As mad as I was the other day about people who say, "Why don't you write something original instead of fanfiction?", once I calmed down I never actually expressed my own position on that aspect of the topic.

One way it was put to me was "working with someone else's energy". Here's what that made me realize about it: It's not just someone else's energy. It's my energy too. In fact, it's everyone's energy. Just like Hercules was everyone's energy two thousand years ago, and King Arthur was everyone's energy five hundred years ago, and Paul Bunyan was everyone's energy a hundred years ago.

Patrick Stewart in something I read once told a story, back when he was still appearing as Captain Picard on our screens every week. The press was always nagging him, "How does it feel to have had this illustrious career with the Royal Shakespeare Company and in I, Claudius and all, and then doing this silly science fiction thing?", and finally he blew up at them: "All that Shakespeare was just preparation for Star Trek! It's the same exotic language, the same fantastic adventure, the same high philosophy and moral discourse! Get a life!" [He didn't actually say, "Get a life!" in what I read; I'm paraphrasing.]

And here's another quote from academia to go with the one earlier this week from the guy at MIT. The Arthurian scholar Eugene Vinaver, in his introduction to King Arthur and His Knights (an abridgement of Vinaver's edition of Malory), wrote of the evolution of the medieval romances: "In most cases, when a 'branch' or an incident was added, the purpose of the addition was to elucidate or to anticipate stories which were already in existence. ... This 'backward' growth of the narrative implies a method still clearly distinguishable in the works of Rabelais, who began with the adventures of Pantagruel and then went on to the life story of Pantagruel's father, Gargantua; a modern novelist would probably have written his Gargantua first. ... On the wide and constantly expanding canvas of a cycle of romances there is always room for a further lengthening of any one of the carefully interwoven threads." That's what fanfiction does - it expands upon our culture's present body of folklore.

The fact that this energy that is everyone's is owned by big corporations is an aberration, a hiccup in normality, as I discussed in that earlier entry this week. In our own way, by ignoring the stigma of writing fanfiction, we are battling for Truth and Justice just as much as the heroes we write about do.

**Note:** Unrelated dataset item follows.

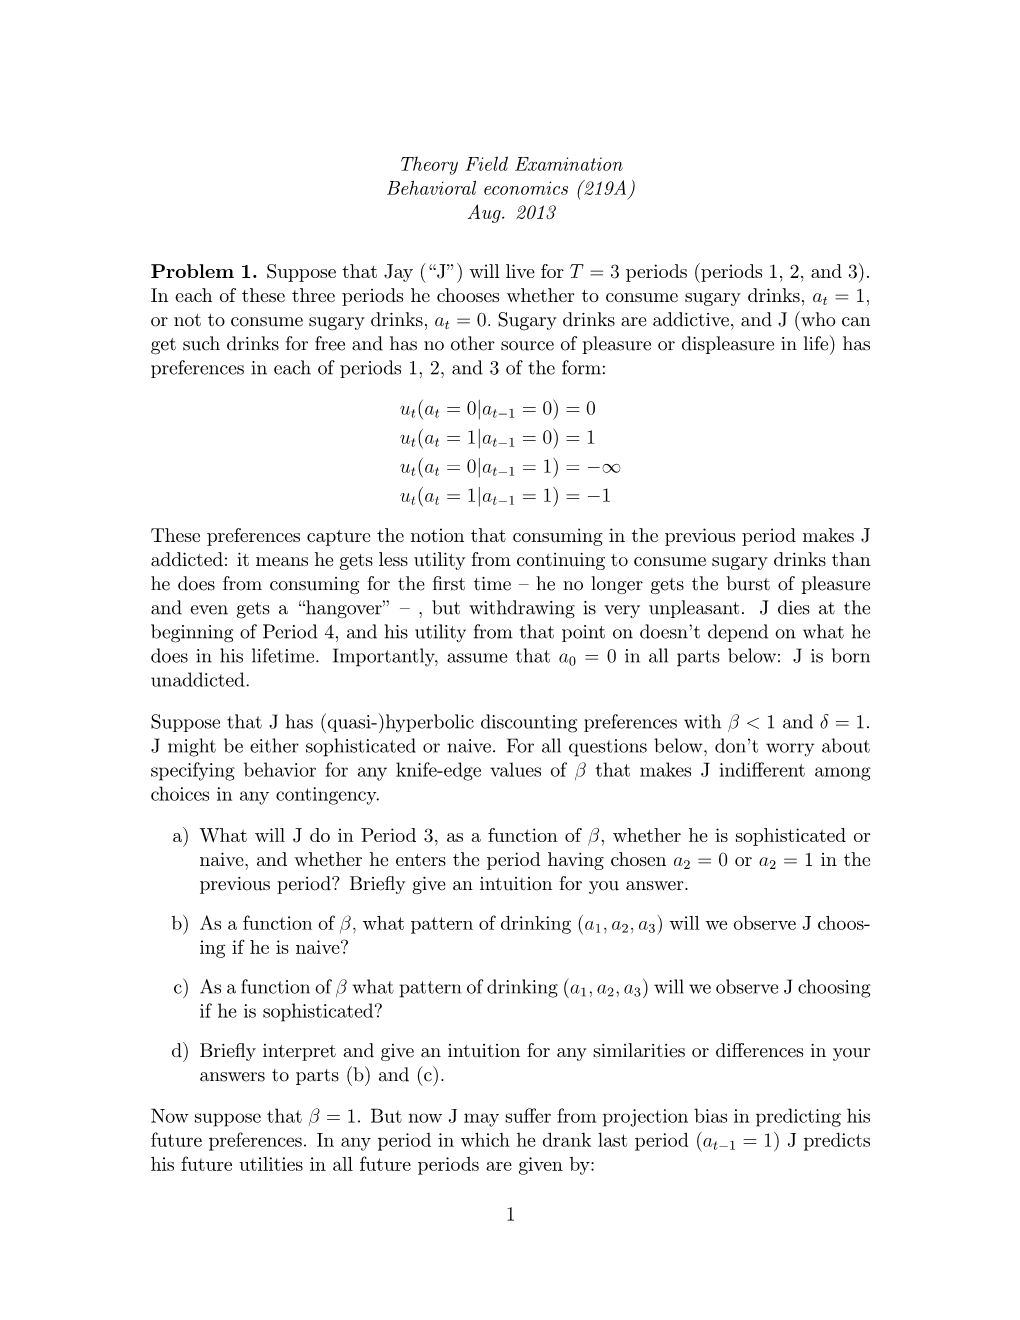 Advanced Theory Field Exam, August 2013

Date: 2006-05-03 04:42 pm (UTC)
From: [identity profile] dave-iii.livejournal.com
I don't have a problem with fan fiction... I only have a problem with bad fan fiction. As in lifting the characters and situations and reusing them, without any level of understanding what makes them good or why. What you do with the Arthurian characters is take them and expand on thier personalities and relationships by placing them in similar, but essentialy different, situations. In some ways, your parody versions have a kind of backwash effect, placing the replaced character into a new light cast by the prism of the Arthurian character. (Which is also cool, if perhaps unintentional.) This tells me you have a fundimental and thorough knowledge of the stories involved, of what makes a story work and why this bit connects to that bit, and how to put it all together in a way that is fun and entertaining, especially if you get the in-jokes (but not requiring it). This makes you a good writer.

Then, over here, got your Mary Sue stories. *twitch*

Date: 2006-05-03 04:44 pm (UTC)
From: [identity profile] dave-iii.livejournal.com
And I really wish I could edit my reply to someone else's post... pretend only the word "bad" was italisized, and the rest is in normal mode, please.